>>149878400
>Can you elaborate on this?
In the 60s, Tezuka’s students grew dissatisfied with kid-focused Disney-style comics he preferred, so they pioneered "gekiga" - realistic, adult-oriented comics. The icon of this movement was Takao Saito, the creator of Golgo 13 - he refused to even call his work manga, only gekiga. The term eventually fizzled out, but the sentiment remained forever - manga didn't have to focus on just funny animals and superheroes, it could be anything, in any genre, for any audience. Anime’s evolution mirrored this. Unlike Disney, Japan lacked funds for fuckhuge animation houses, so studios like MushiPro and Toei adopted cheaper limited animation techniques taken from Hanna-Barbera (it was Tezuka's idea).
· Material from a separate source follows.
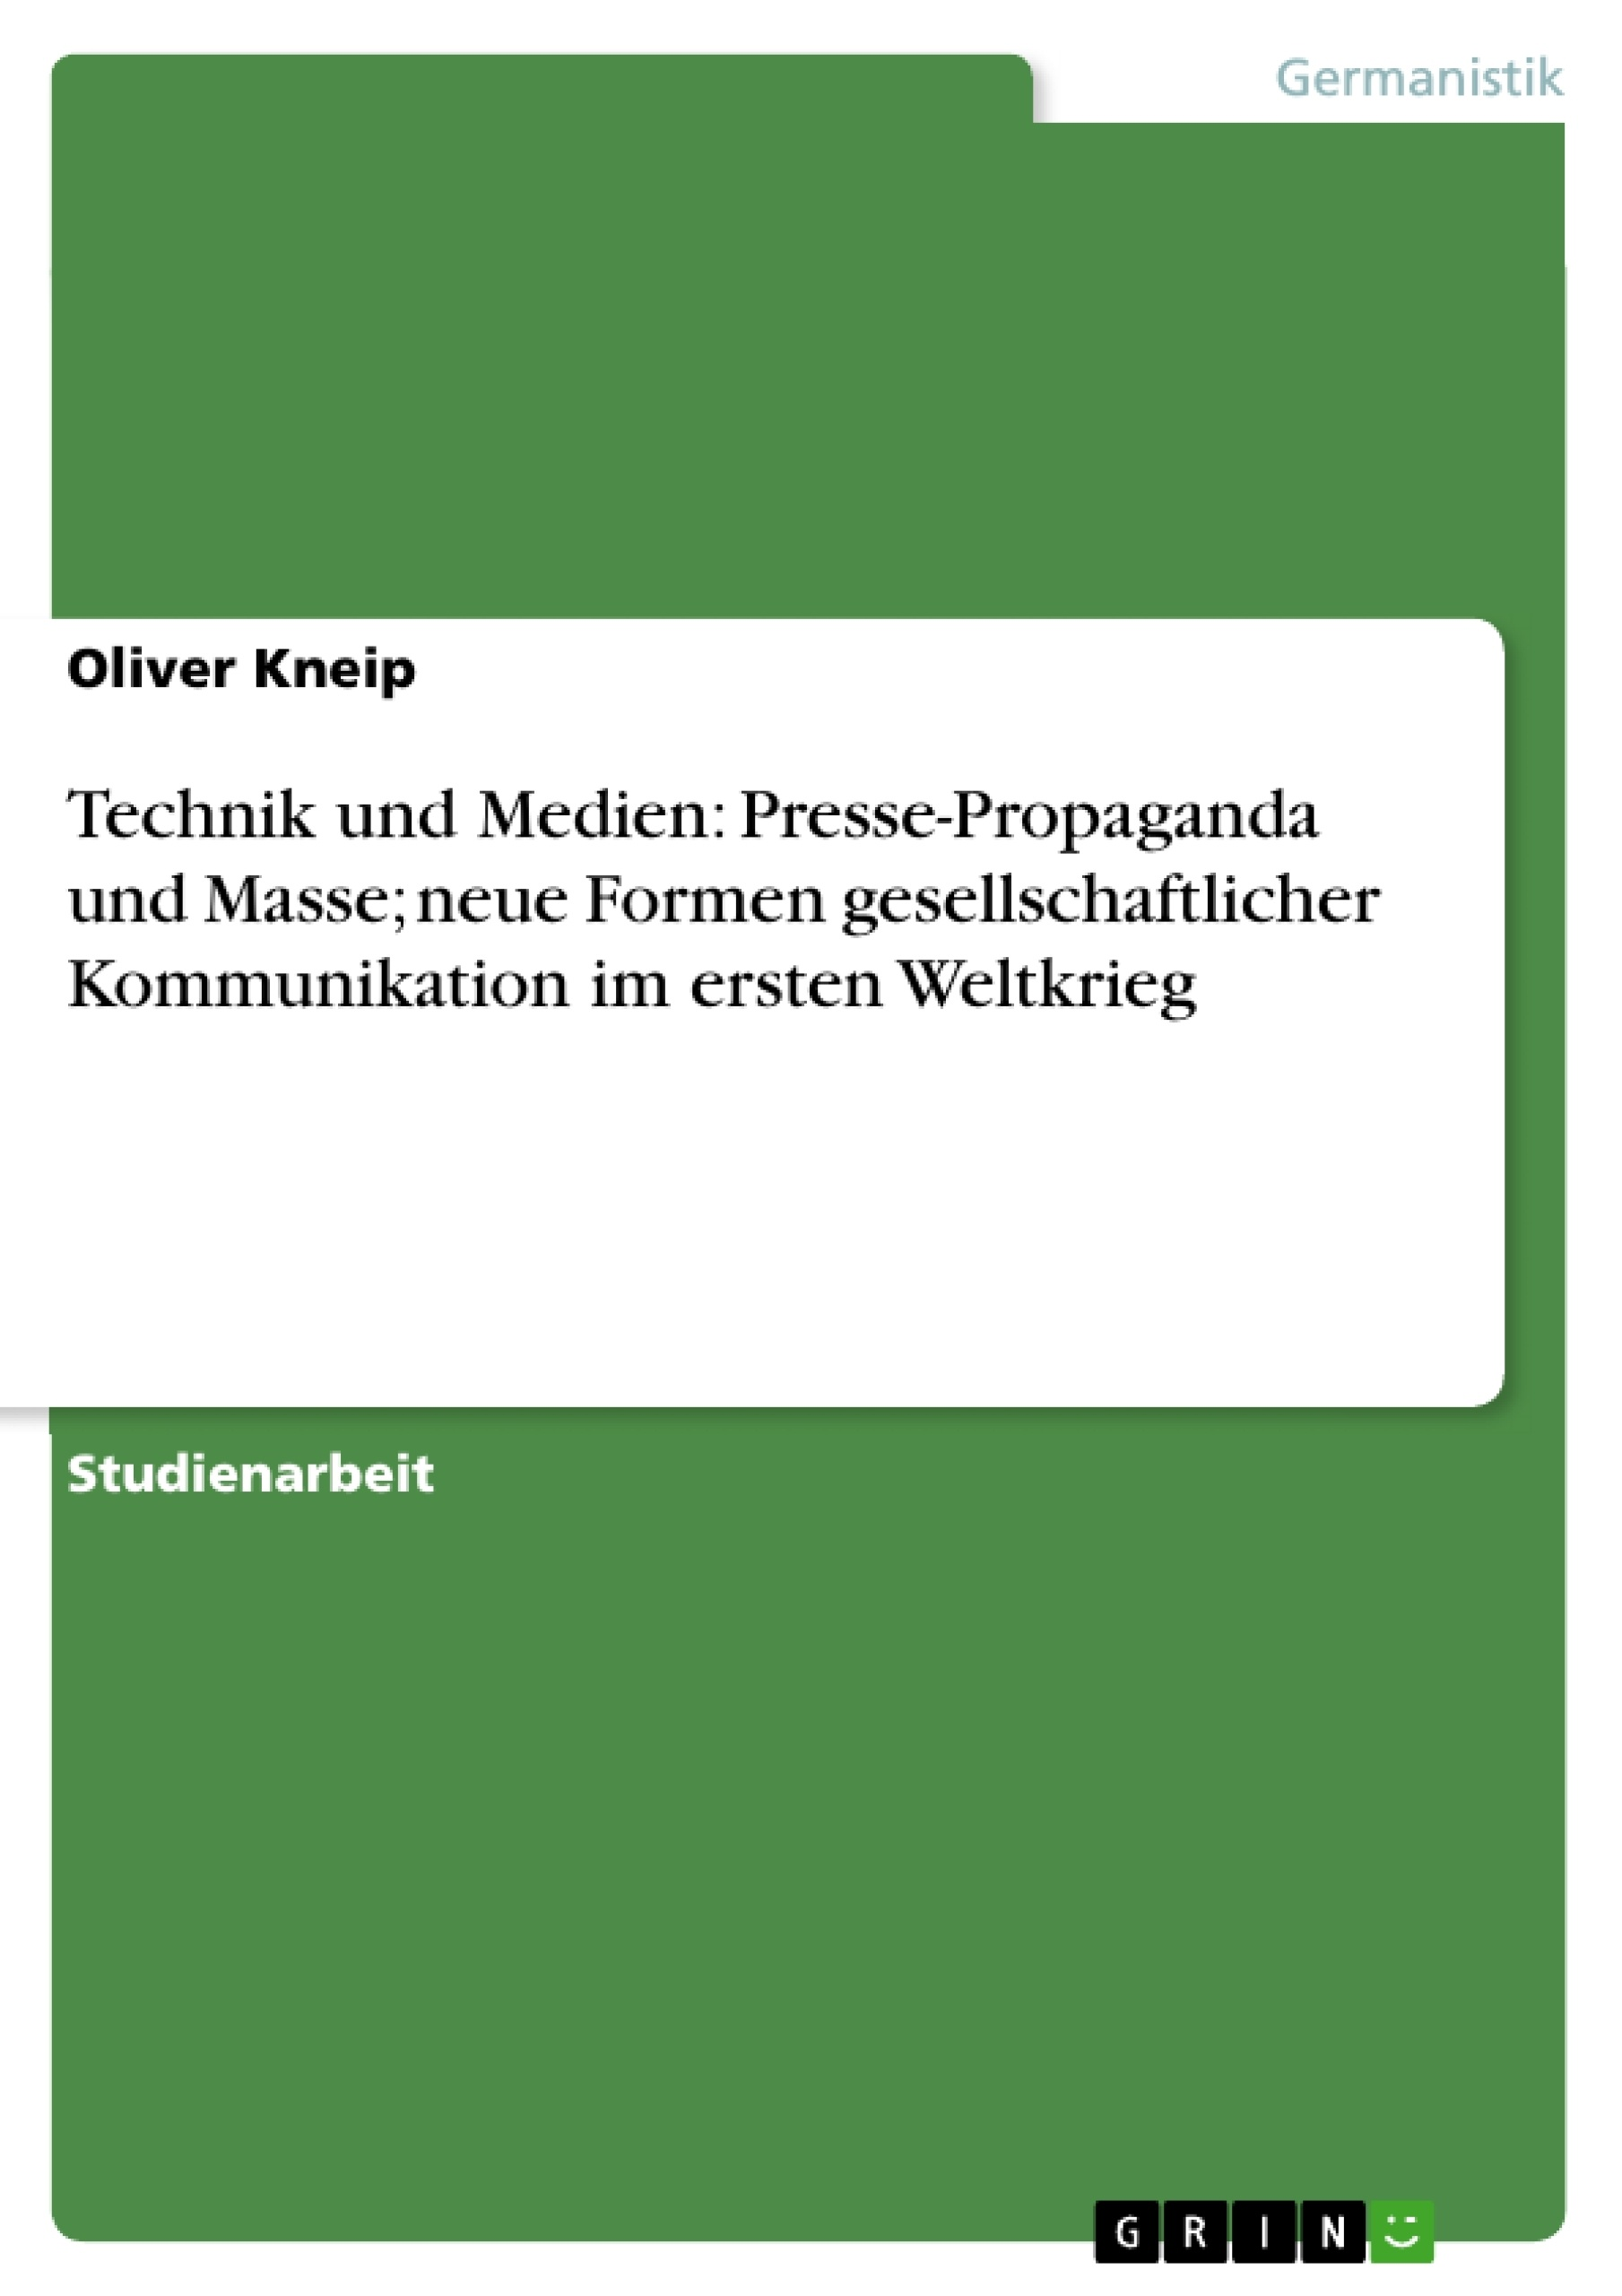 Titel: Technik und Medien: Presse-Propaganda und Masse; neue Formen gesellschaftlicher Kommunikation im ersten Weltkrieg

Unlike in the US, there was no separation between "cheap" TV animation and "expensive" animated film; everything was cheap. This meant talent wouldn't get funneled to one place like Disney; they would constantly shift between all kinds of projects, and this naturally bred variety, especially since most anime was adapting manga, and I already explained what was happening there. Then, during the 80s economic bubble, OVAs (straight-to-VHS releases) became a thing - even more stuff could now be animated, not limited by TV networks, with a growing (and rich) audience of consumers, the early otaku community. This is how hentai was born, and a lot of now-famous authors, like Hideaki Anno, found their footing in that space.
In the meantime, Disney was choking the life out of everything. Bakshi wanted to start his own movement, but Fritz the Cat failed miserably, relegated to the sleaziest late-night screenings you can imagine, and that was all she wrote.
>how can Western animation can finally step towards really appreciate animation as an art form?
No clue. The only hope is indie animation. It's late as fuck, but only they could do what the gekiga movement achieved in Japan half a century ago. But then they make stuff like Hazbin Hotel.